Olly Peers agrees insurance overhaul is long overdue but believes the consumer benefits aren’t assured, and other news
The Insurance Contracts Bill will repeal, replace and consolidate several Acts governing NZ’s insurance law. Olly Peers, partner at Buddle Findlay, believes care needs to be taken to ensure the Bill doesn’t make the insurance process more difficult for customers to navigate.
…the Bill proposes replacing the common law duty of disclosure with a new statutory duty. Consumers would be required to take reasonable care not to make a misrepresentation to the insurer. In effect, an applicant for insurance will need to answer any questions put by the insurer truthfully and accurately but will no longer need to determine for themselves what information may be material to the judgment of the insurer.

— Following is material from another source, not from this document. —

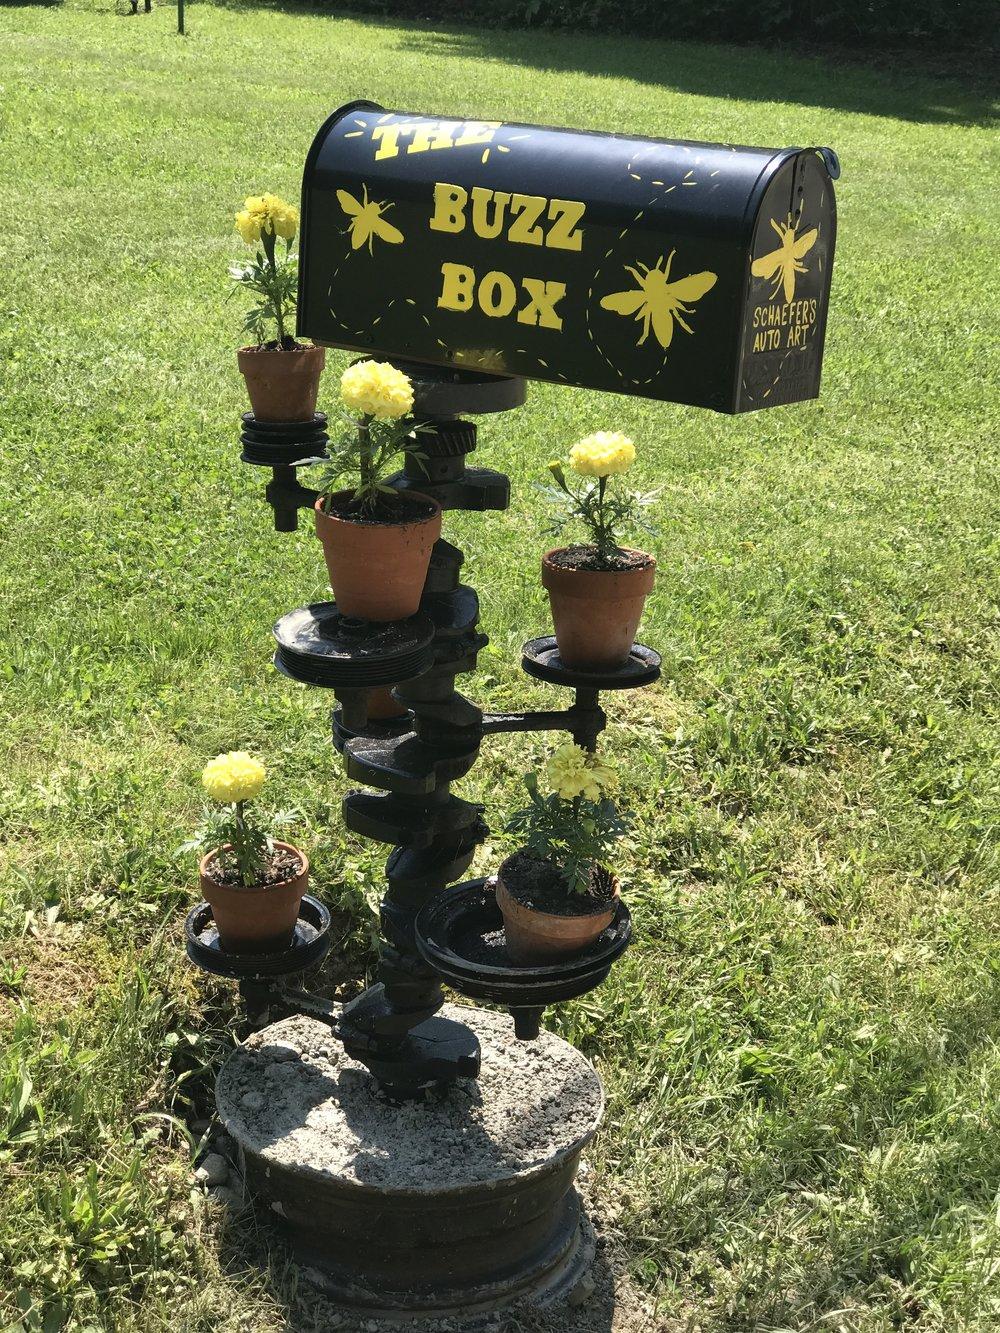 Final setup for The Buzz Box at Schaefer's Auto Art.JPG

No longer will there be an obligation to volunteer information not requested.
…One of the specific matters to be considered in determining whether the policyholder has taken reasonable care is the questions asked of the policyholder, namely were they clear and specific? If an insurer has asked vague questions, they will have less cause to complain about vague or general answers. In addition, an insurer will have a general obligation to communicate to the policyholder the importance of answering questions in a fair and accurate way.
For the legislation enacted in the UK, industry participants were concerned that the new statutory standard might promote excessively detailed questions and application forms, as insurers try to mitigate their risks. While the UK market appears to have regulated itself against the excesses of this practice, it is always worth bearing in mind the wider commercial impacts of legislative and regulatory reform. The unexpected consequences of recent changes to bank lending rules are a timely example of how well-meaning reform can have adverse rebound consequences.